What is the definition of a Taylor series of the function $F(|\vec a -\vec x|)$ about the point $\vec a$ in $\vec x$?
Taylor series of a modulus argument
3 Answers
As filmor notes, the Taylor series isn't well-defined if you consider this as a function of the full vector $\vec x$. If you don't mind a singularity at $\vec a$ (or if the odd derivatives of $F$ at $\vec a$ vanish), you can use the one-dimensional Taylor series for $F$ to write
$ \sum_{n=0}^\infty\frac{F^{(n)}(|\vec a-\vec x|)}{n!}|\vec a-\vec x|^n\;. $
There is no proper definition for this (if you take $F(\lvert \vec a - \vec x\rvert)$ as a function of $\vec x$), as $\lvert\vec v\rvert$ is not differentiable at $\vec v = 0$ (in this case: $\vec x = \vec a$).

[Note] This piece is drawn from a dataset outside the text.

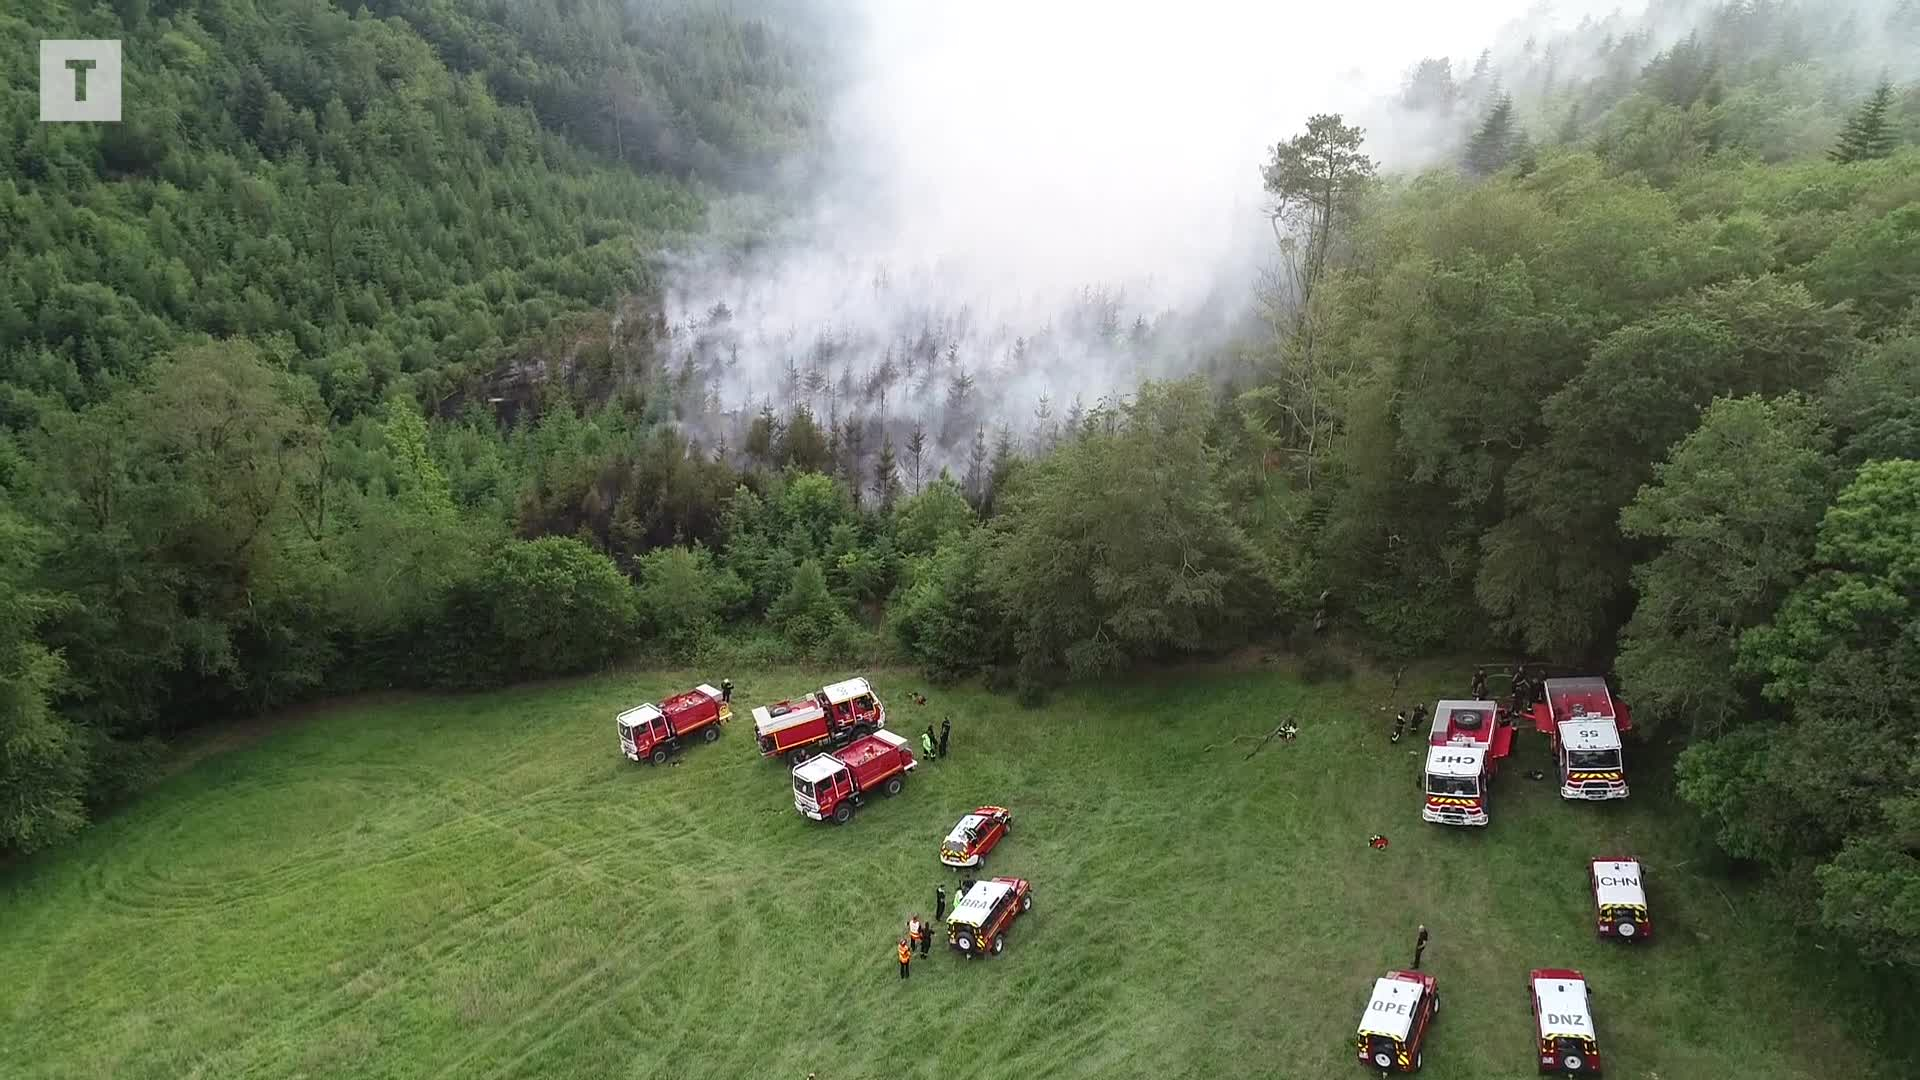 200 pompiers et un hélico bombardier d'eau : incendie maîtrisé sur 5 à 6 ha à Saint-Goazec [Vidéo]
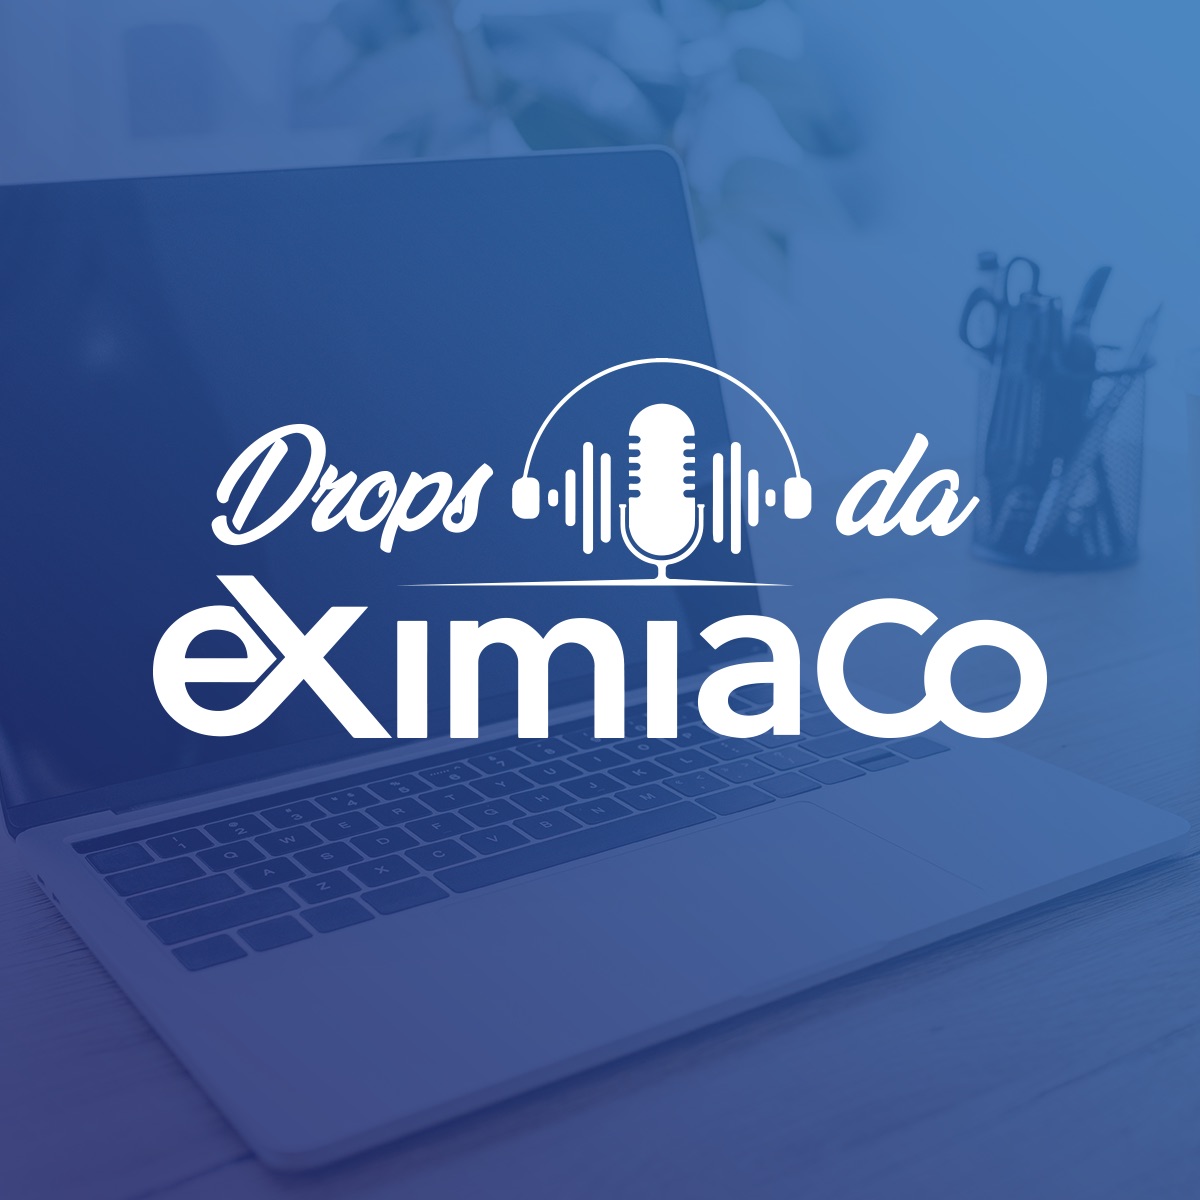 Drops da EximiaCo

This definition is the same as Taylor series of function $F_2(\vec x)=F(|\vec x|)$. I'm not sure if you are familiar with vector function Taylor series. In general case the formula is kind of long, so I'll just give and example for bivariate function $f(x,y)$ about the point $(a,b)$ $f(x,y)=f(a,b) + \frac{\partial f}{\partial x} \bigg|_{(a,b)} (x-a) + \frac{\partial f}{\partial y}\bigg|_{(a,b)} (y-b) + \frac{\partial^2 f}{\partial x^2}\bigg|_{(a,b)} (x-a)^2 + 2\frac{\partial^2 f}{\partial x \partial y}\bigg|_{(a,b)} (x-a)(y-b)+\frac{\partial^2 f}{\partial y^2}\bigg|_{(a,b)} (y-b)^2 + \dots$ But there is still one thing, you see, the derivative of modulus ($|\cdot|$) does not exist around zero vector. So if you could give us a little more detail on why are you trying to solve a problem like that, them maybe you will get a good answer.